In SQL 2008 a new T-SQL construct was added – the MERGE operation. (Ok, pedants will know this wasn’t new to Oracle, but it was new to SQL Server).
This operation allows for the merging of a dataset into a reference dataset – which can be remarkably similar to Insert / Update operations effected by the Slowly Changing Dimension transformation. However the way it operates is very different. Instead of the SCD’s row by row evaluation approach, the MERGE operation is a set based operation. What this means is it compares the whole of the source dataset to the reference dataset in a single pass. This has significant implications for performance – on a site where I implemented this the operation which took 1,200 seconds in the SCD cut down to 51 seconds using a Merge.

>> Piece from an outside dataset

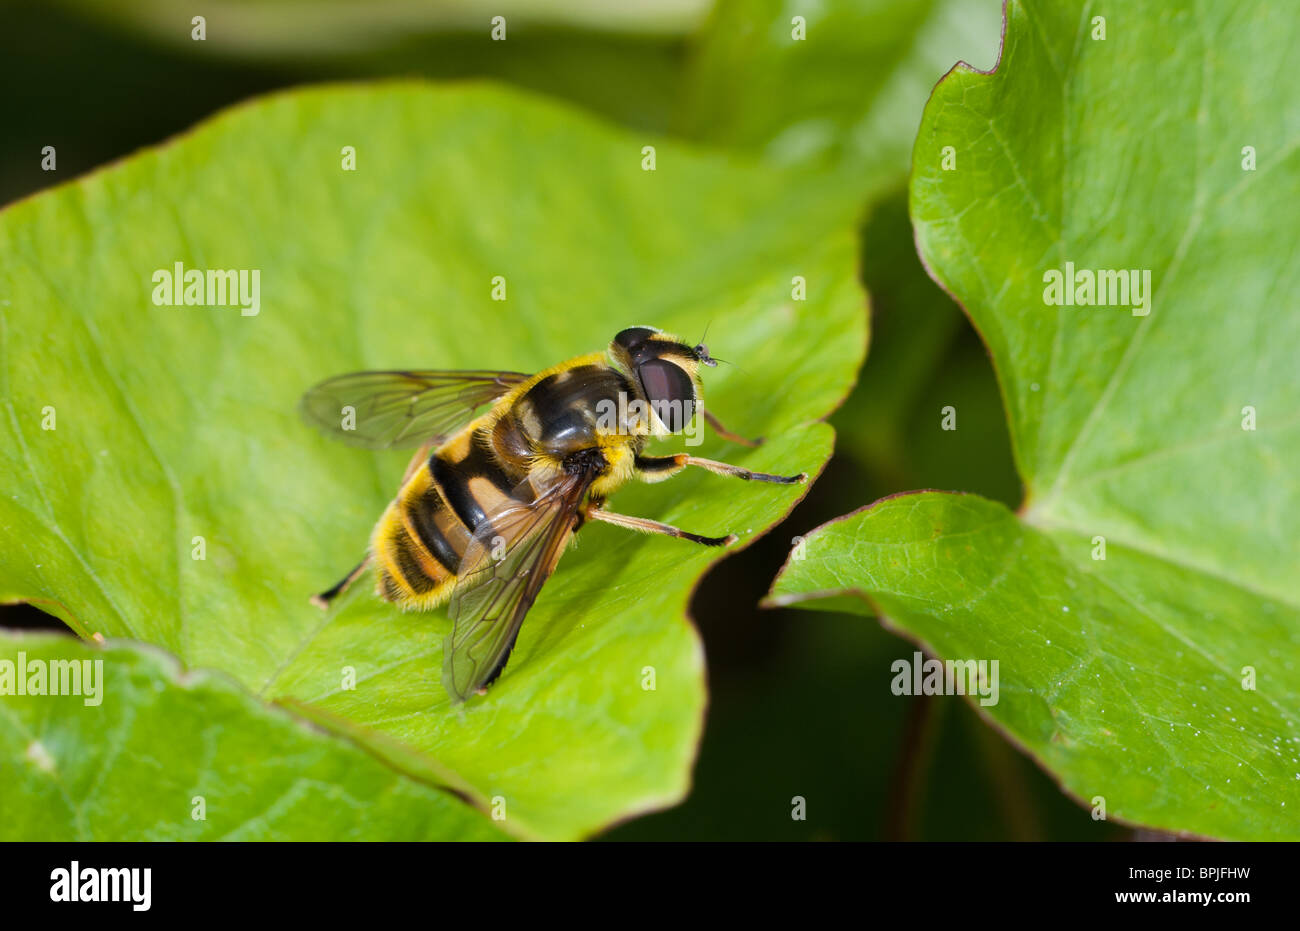 Hoverfly (Myathropa florea) Bee/Wasp mimic Stock Photo

There are limitations and differences to be aware of:
- You cannot directly return row counts for Insert / Update / Ignore operations in the Merge
- As it is a bulk operation a single row will cause failure of the whole batch
- There’s no GUI – just hand crafted SQL
- Less error trapping / logging options
- More flexibility in terms of actions when matches / non matches are found
The main reason why you would consider the SQL Merge – it handles Type 1, and with a little cunning, Type 2 dimensions – in a fraction of the time it takes the SCD to plod through. It’s still not as fast as a proper in memory comparison using something such as TableDifference – but it’s always good to know you have something else available in your toolkit.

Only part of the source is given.